SUPPLIED INFORMATION:
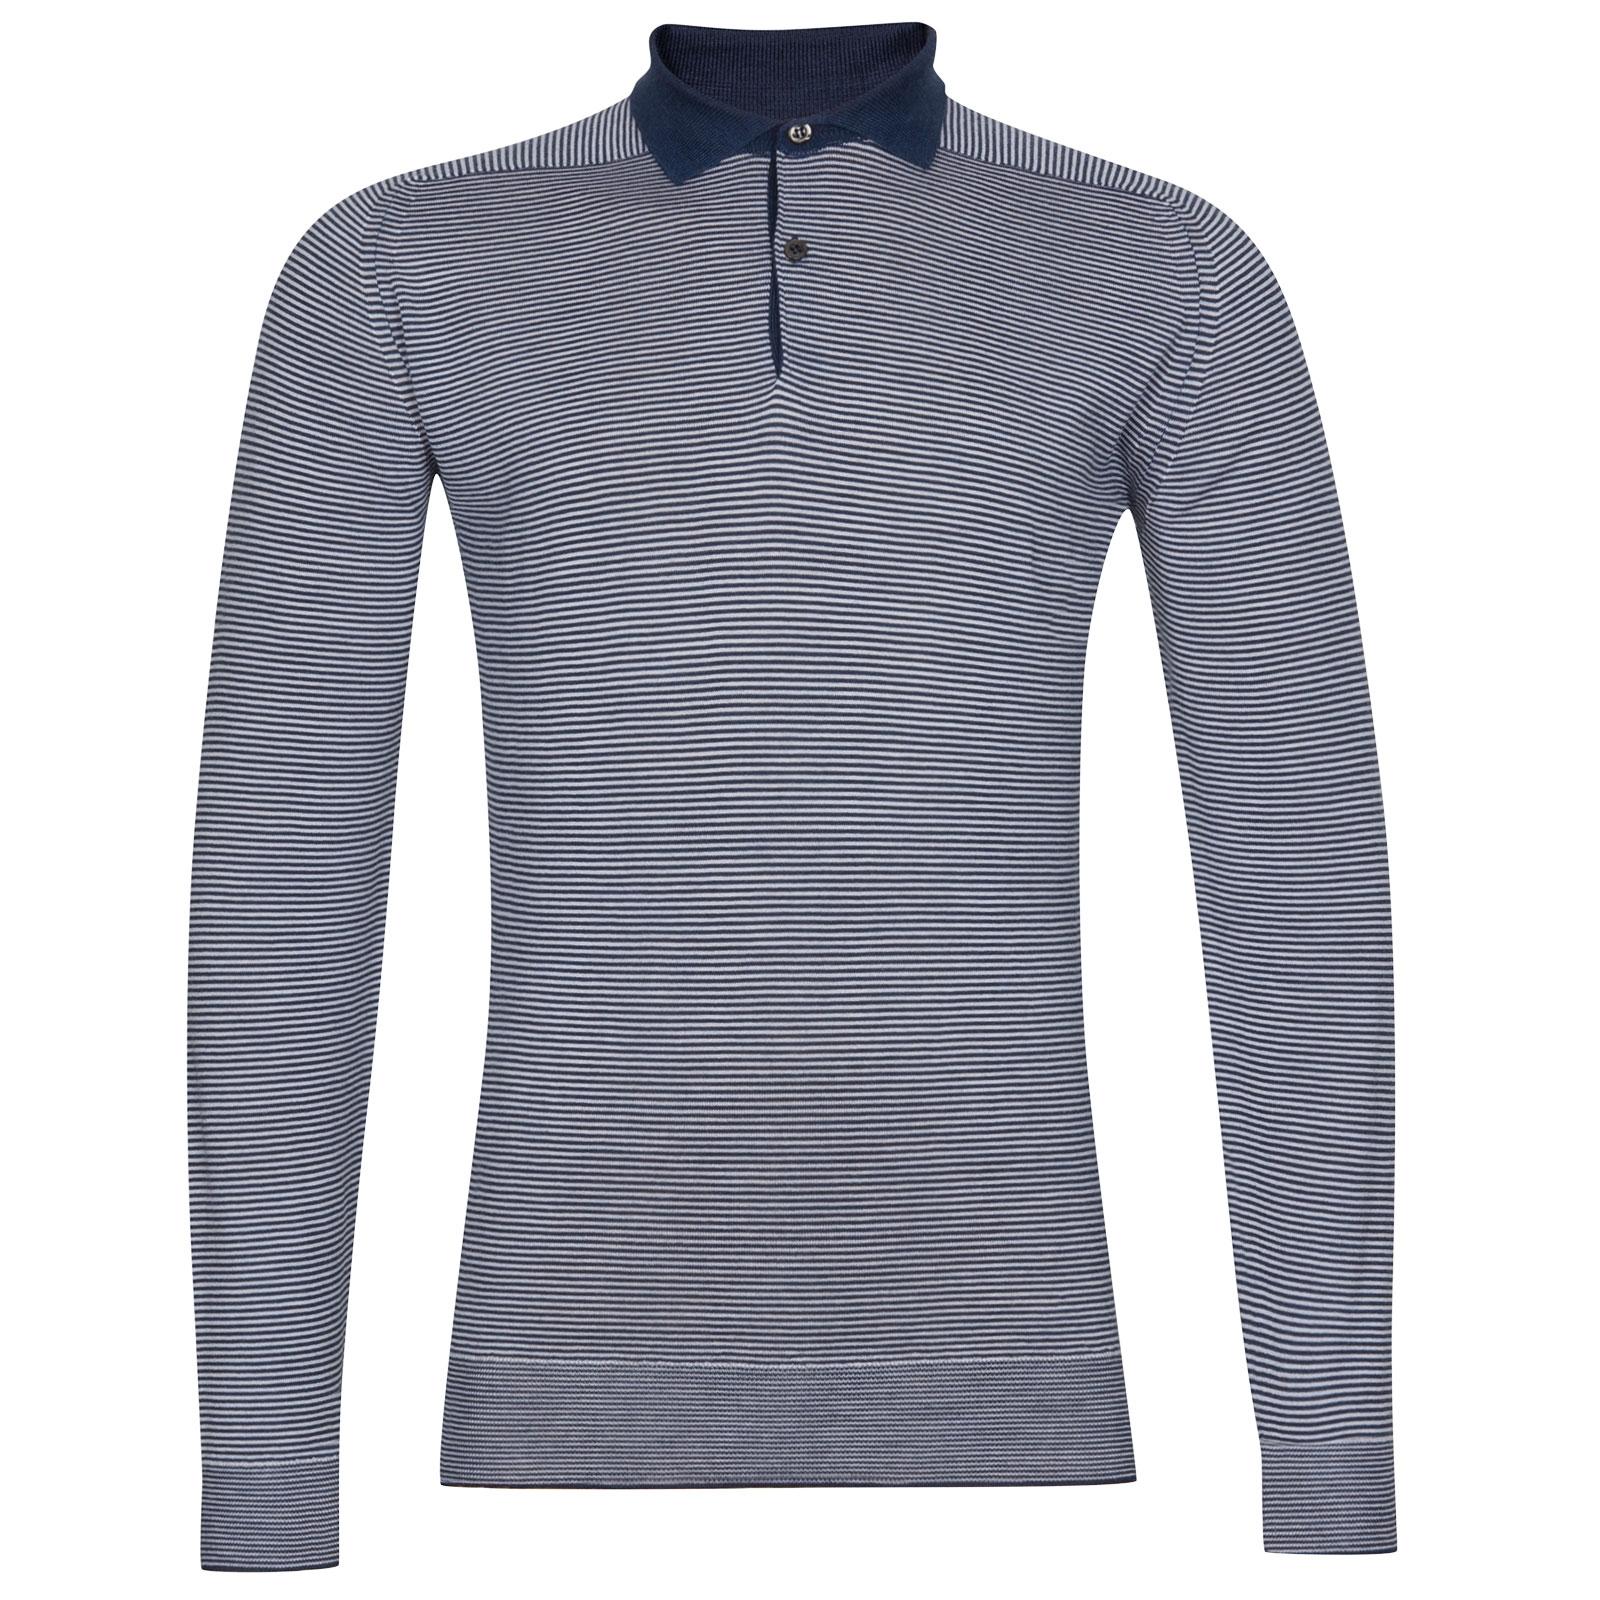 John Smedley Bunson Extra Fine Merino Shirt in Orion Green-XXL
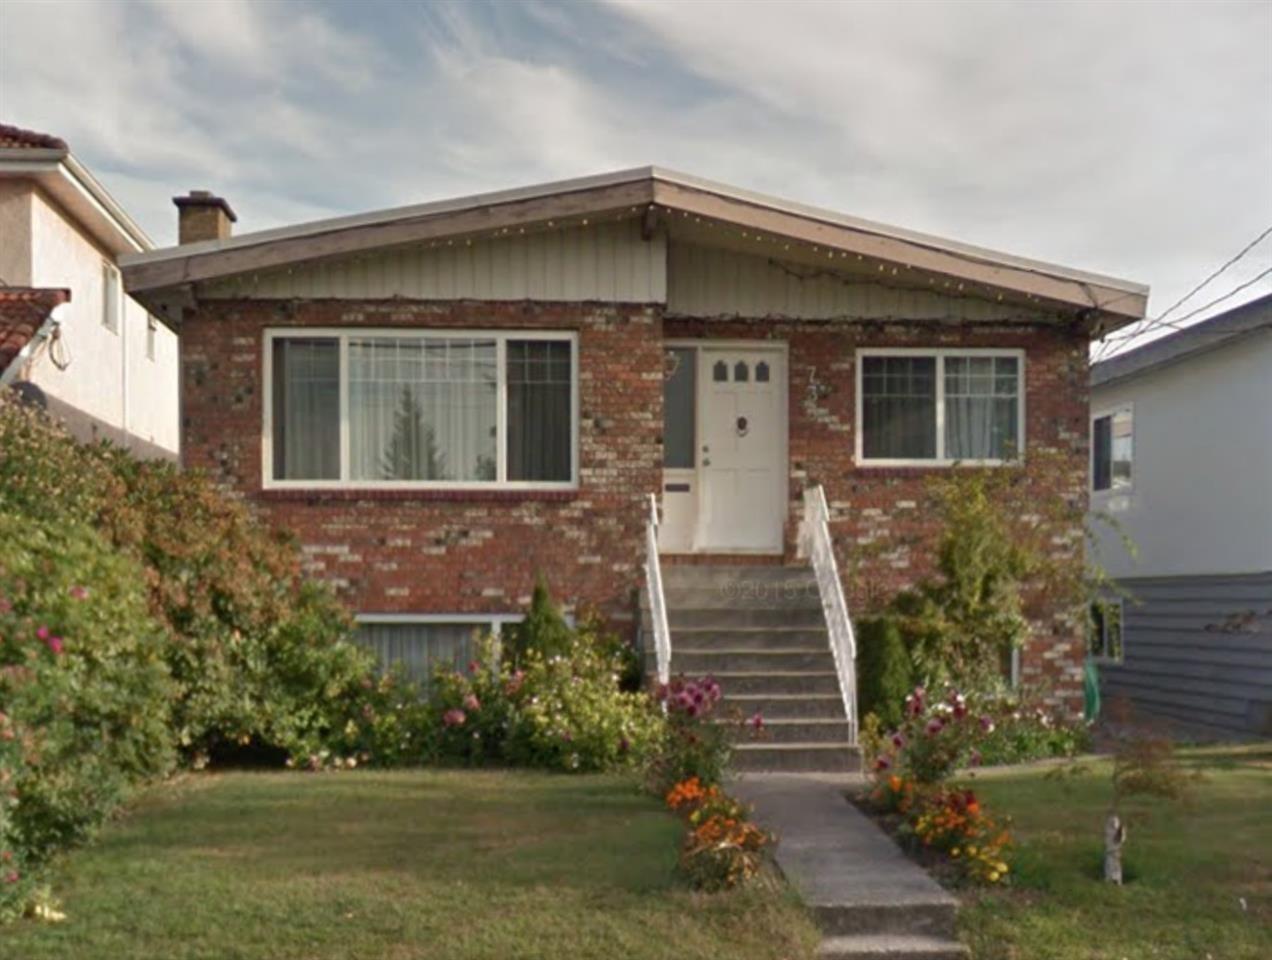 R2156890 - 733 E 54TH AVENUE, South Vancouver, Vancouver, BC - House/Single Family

...

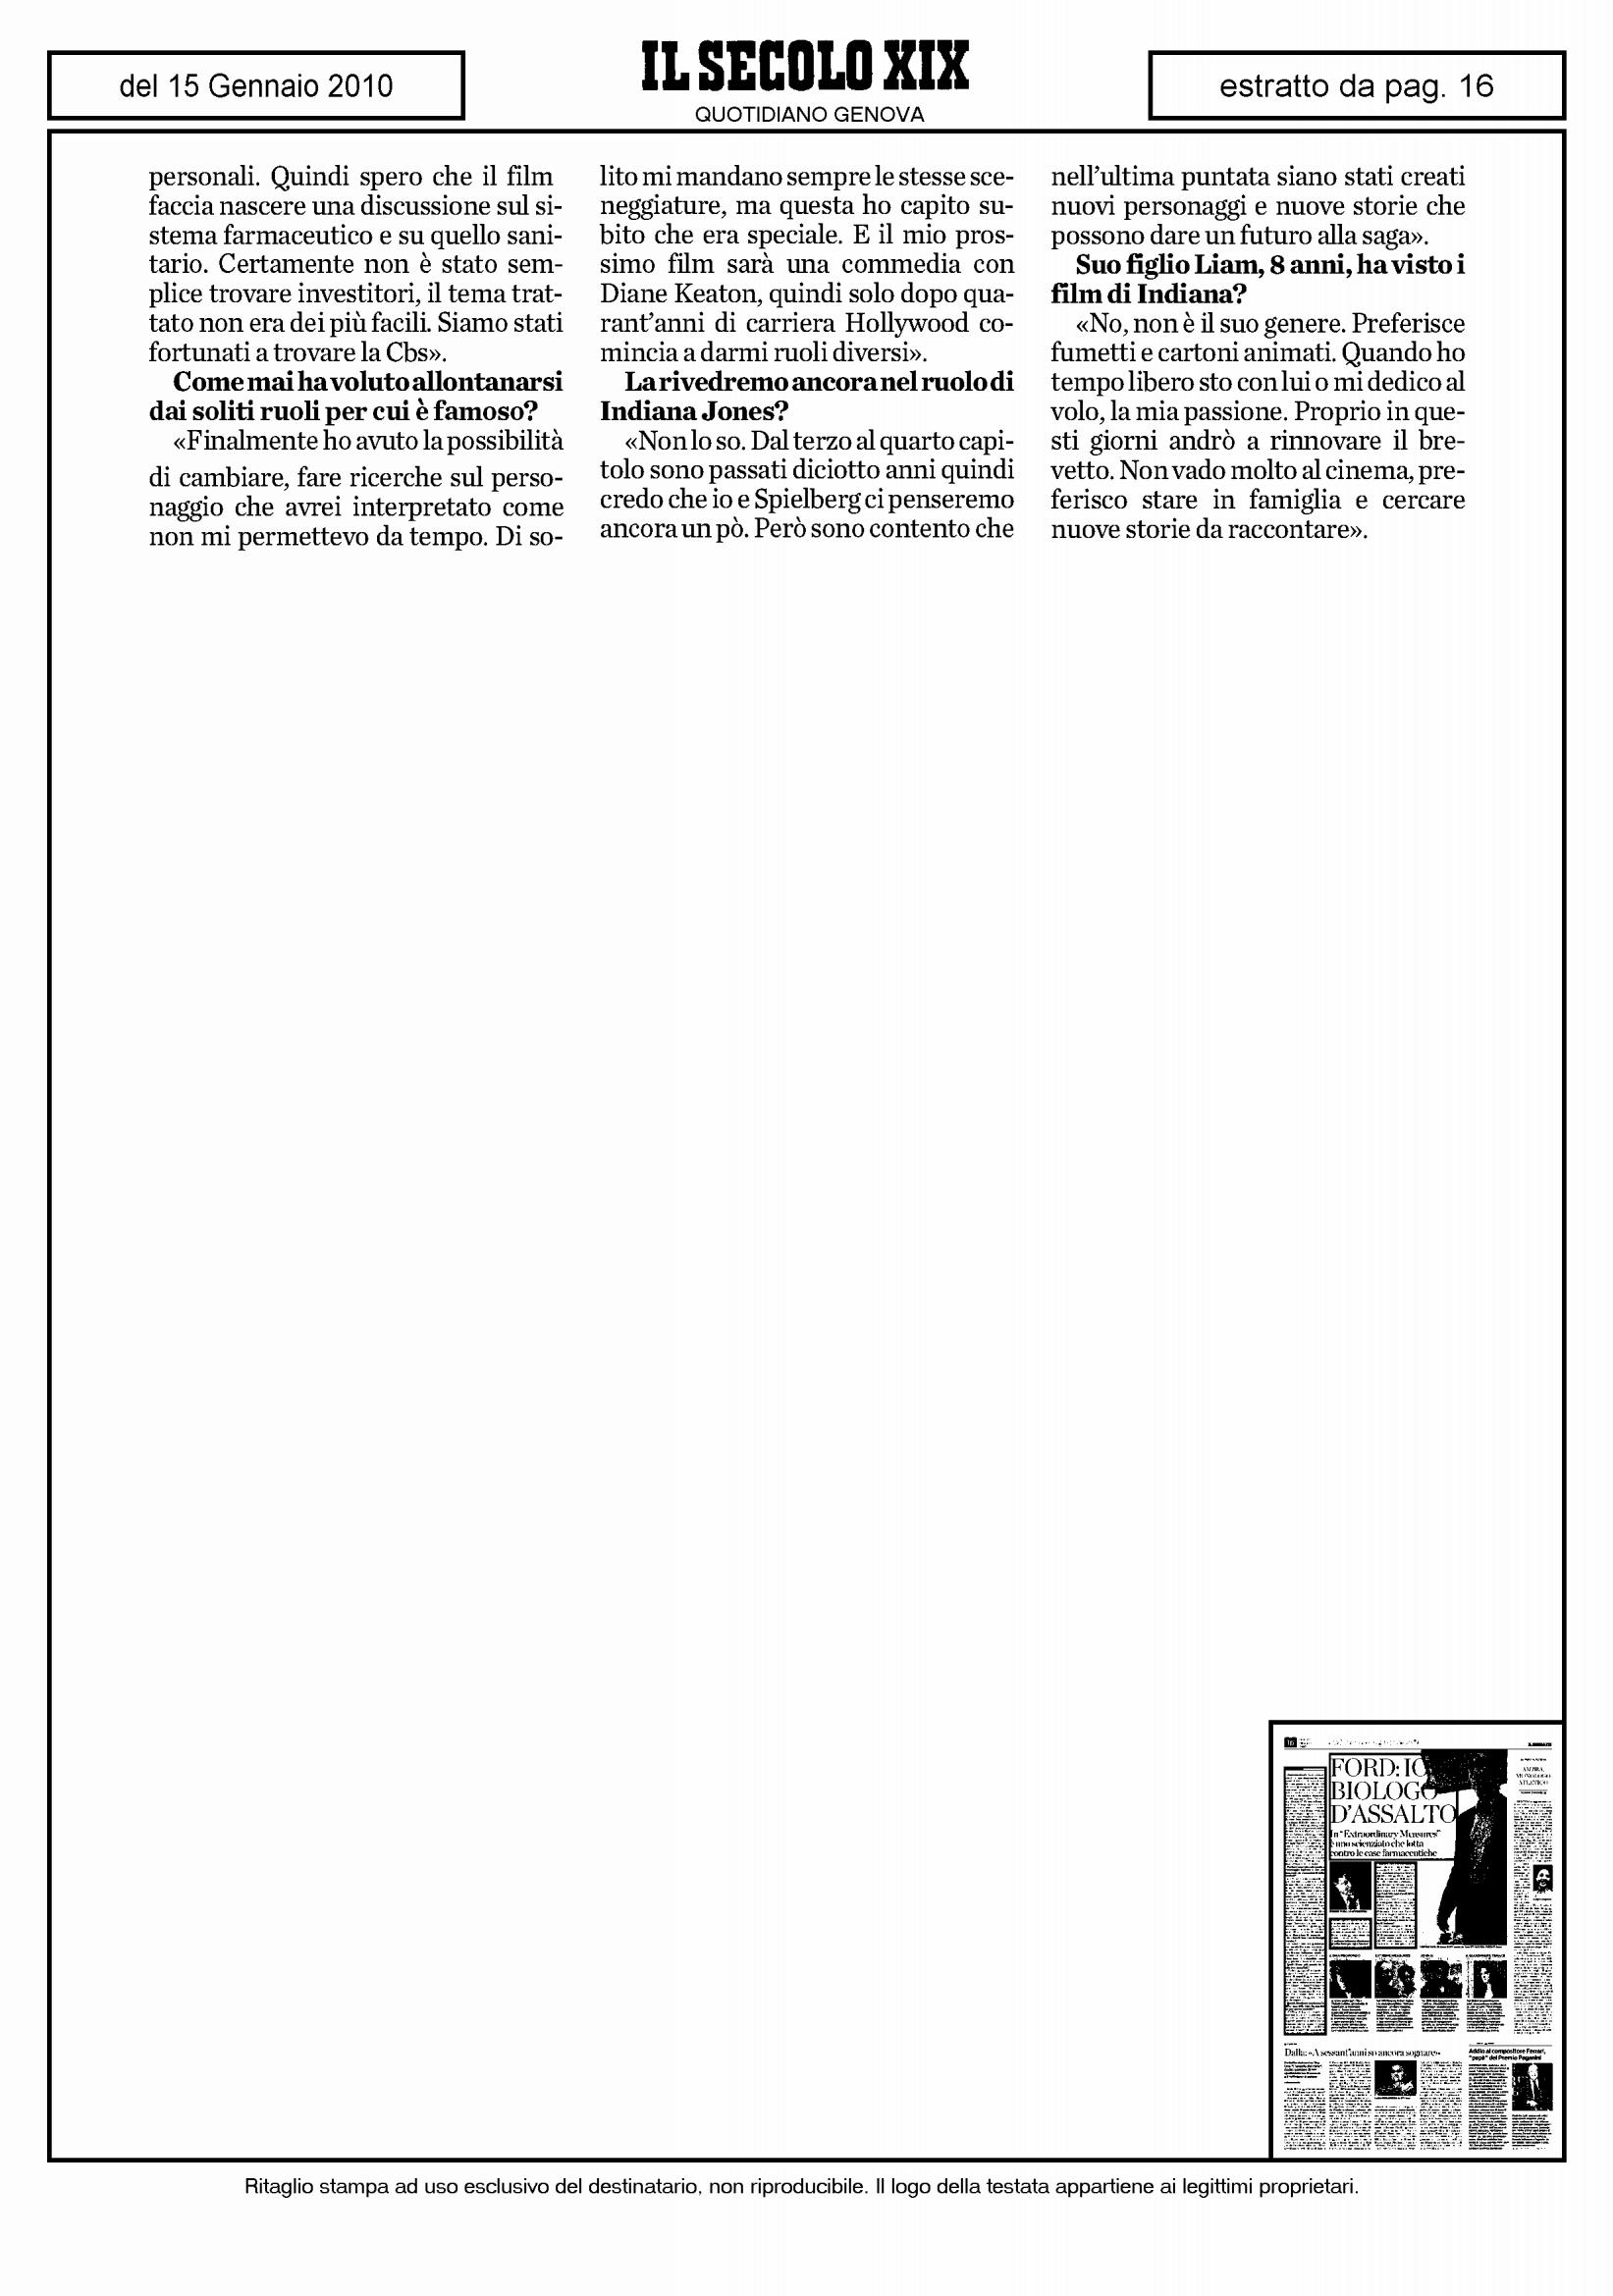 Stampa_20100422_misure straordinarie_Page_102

...

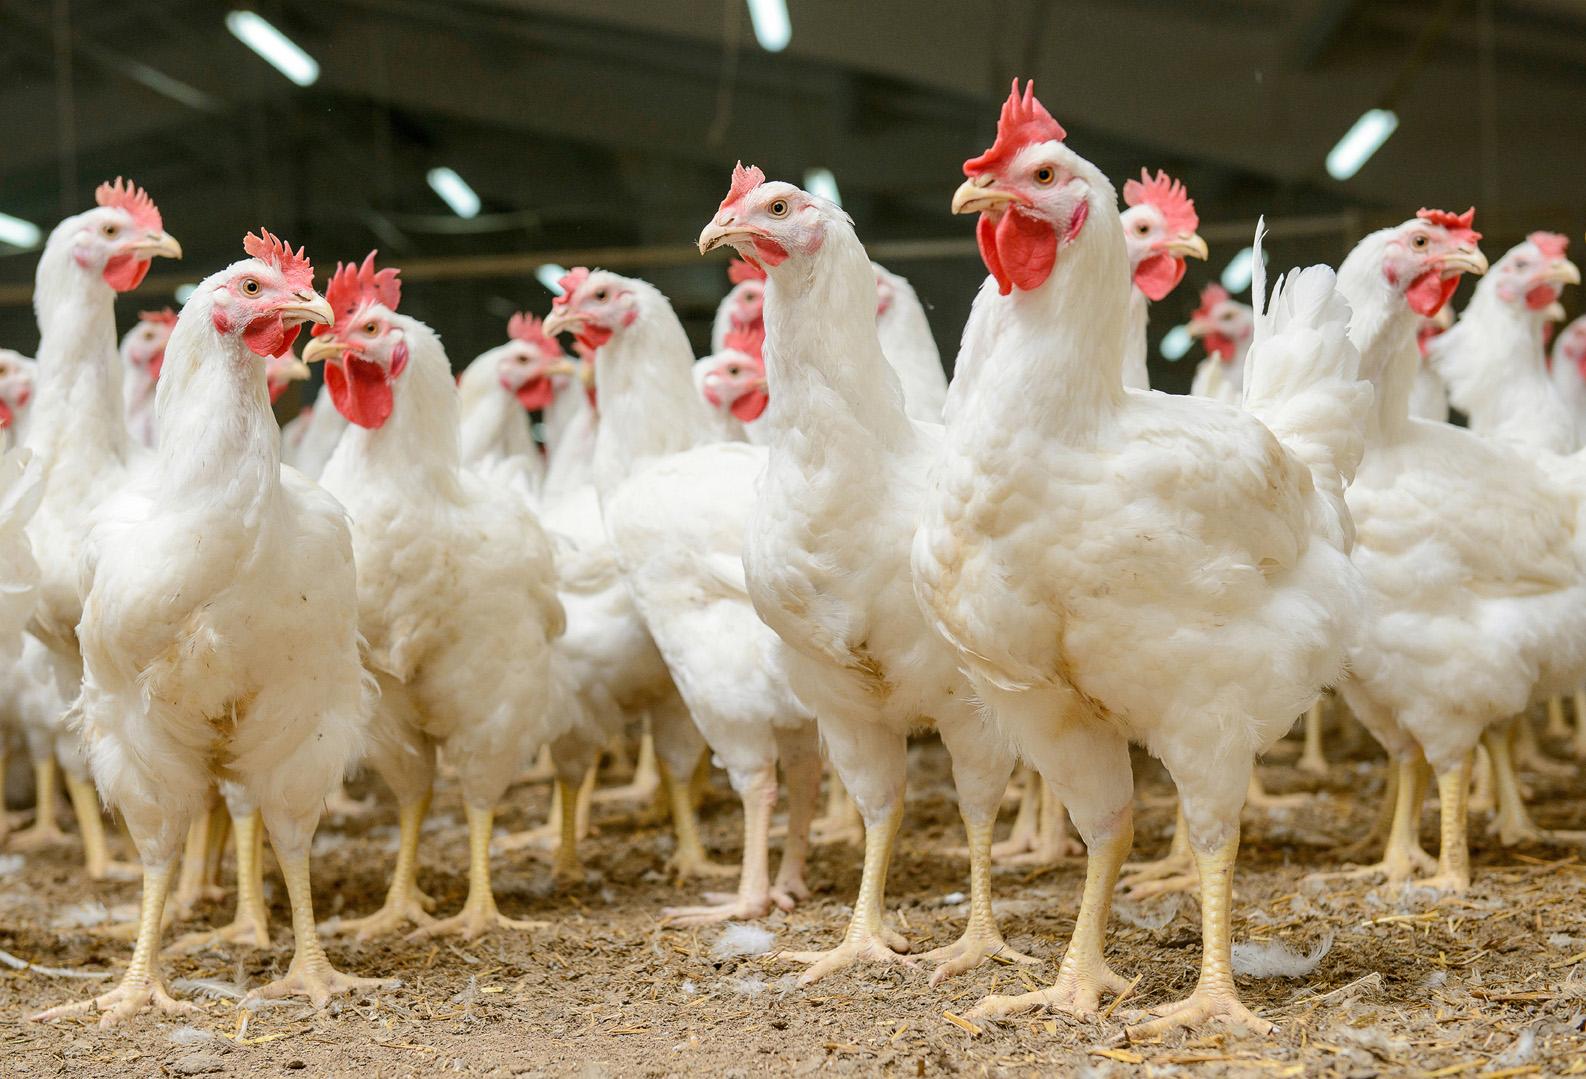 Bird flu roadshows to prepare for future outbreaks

YOUR INSTRUCTIONS:
Every line above between the one containing "John Smedley Bunson" and the one containing "R2156890 - 733", those two included, is to be printed exactly. No pictures go into the copy.

TASK OUTPUT:
 John Smedley Bunson Extra Fine Merino Shirt in Orion Green-XXL
 R2156890 - 733 E 54TH AVENUE, South Vancouver, Vancouver, BC - House/Single Family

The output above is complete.